Using the right-hand rule in this scenario, you will find that the electrons are moving in a clockwise direction as seen from above.

To find the radius of the electron's orbit, we can first consider the equation for the centripetal force acting on a charged particle in a magnetic field:

F = qvB

Where:
F = Centripetal force
q = Charge of the electron
v = Velocity of the electron
B = Magnetic field strength

The centripetal force is given by the equation:

F = mv^2 / r

Where:
m = Mass of the electron
v = Velocity of the electron
r = Radius of the orbit

Setting the two equations equal to each other:

mv^2 / r = qvB

Simplifying, we get:

r = mv / qB

Plugging in the values:

m = mass of an electron (9.1 * 10^-31 kg)
v = velocity of the electron (1.0 * 10^7 m/s)
q = charge of an electron (-1.6 * 10^-19 C)
B = magnetic field strength (1.0 * 10^-3 T)

Calculating the radius, we find:

r = (9.1 * 10^-31 kg * 1.0 * 10^7 m/s) / (1.6 * 10^-19 C * 1.0 * 10^-3 T)

r ≈ 5.688 * 10^-4 m (or approximately 0.5688 mm)

The period of their motion can be calculated using the equation:

T = 2πr / v

Plugging in the values:

r = radius of the electron's orbit (5.688 * 10^-4 m)
v = velocity of the electron (1.0 * 10^7 m/s)

Calculating the period, we find:

T = (2 * 3.1416 * 5.688 * 10^-4 m) / (1.0 * 10^7 m/s)
T ≈ 3.583 * 10^-9 s (or approximately 3.583 nanoseconds)

Now, let's discuss the right-hand rule. The right-hand rule is a way to determine the direction of force on a charged particle moving through a magnetic field. It uses the orientation of your right hand and the three fingers to represent the direction of the magnetic field (thumb), the direction of the current or velocity (index finger), and the direction of the force (middle finger). By aligning your hand accordingly, you can determine the relative directions of these three factors.

To determine whether the electrons are moving clockwise or counterclockwise, you can use the right-hand rule. Here's how you can apply it in this scenario:

1. Extend your right hand: Keep your thumb, index finger, and middle finger perpendicular to each other, forming a right angle.

2. Point your thumb in the direction of the electron's velocity vector, which is horizontal in this case (from the information provided).

3. Point your index finger in the direction of the magnetic field vector, which is downward.

4. Your middle finger will naturally point in the opposite direction to the electron's motion.

If your middle finger is pointing counterclockwise when looking down from above, then the electron is moving counterclockwise. If it is pointing clockwise, then the electron is moving clockwise.

Now let's move on to calculating the radius of the electron's orbit and the period of their motion:

The force experienced by a moving charged particle in a magnetic field is given by the equation F = qvB, where F is the force, q is the charge of the particle, v is its velocity, and B is the magnetic field.

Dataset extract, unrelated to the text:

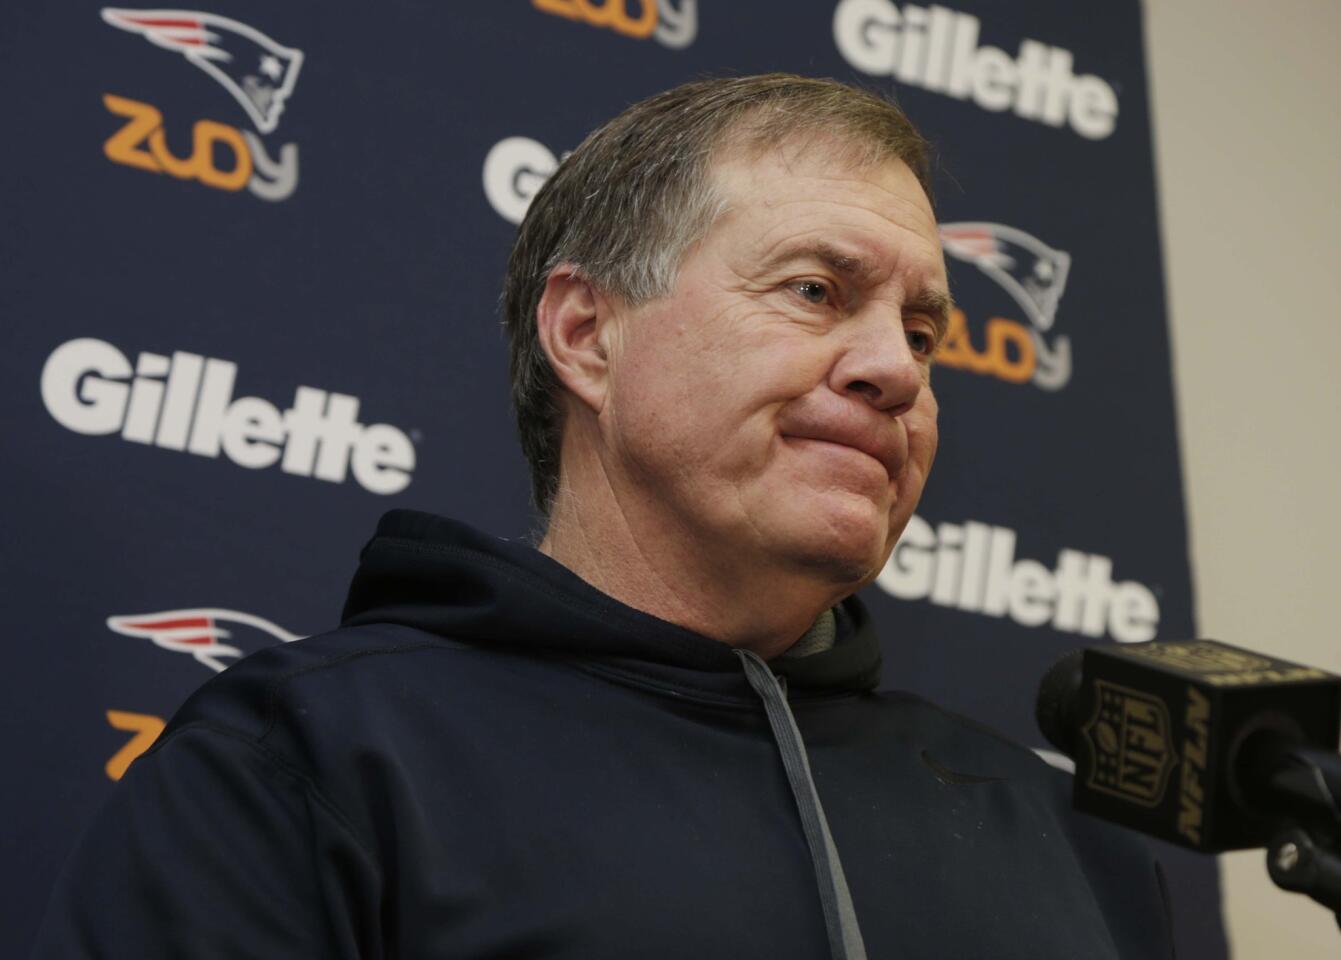 No team has hung more losses on Bill Belichick's sterling record than Miami

In this case, as the electrons move in a circle, the magnetic force provides the necessary centripetal force to keep the electrons in their circular path.

The magnetic force can be equated to the centripetal force:

qvB = m(v^2/r),

where m is the mass of the electron, v is its velocity, and r is the radius of the orbit.

Since we are looking for the radius, we can rearrange the equation to solve for r:

r = mv / (qB).

Using the provided values:
m (mass of electron) = 9.1 x 10^-31 kg,
v (velocity of electrons) = 1.0 x 10^7 m/s,
q (charge of an electron) = -1.6 x 10^-19 C,
B (magnetic field) = 1.0 x 10^-3 T,

Substituting the values in, we find:

r = (9.1 x 10^-31 kg) * (1.0 x 10^7 m/s) / (1.6 x 10^-19 C * 1.0 x 10^-3 T).

By performing the calculations, the radius of the electron's orbit is approximately equal to 5.69 x 10^-4 meters (or 0.569 mm).

To determine the period (T) of their motion, we can use the fact that the velocity is related to the circumference of the circle and the period by the equation:

v = (2πr) / T.

Rearranging for T, we get:

T = (2πr) / v.

Using the previously calculated radius (r) and the velocity (v) of the electrons, we can compute the period:

T = (2π * 5.69 x 10^-4) / (1.0 x 10^7).

By evaluating the expression, the period of the electron's motion is approximately equal to 3.58 x 10^-8 seconds (or 35.8 nanoseconds).

If you have any further questions or need more clarification, feel free to ask!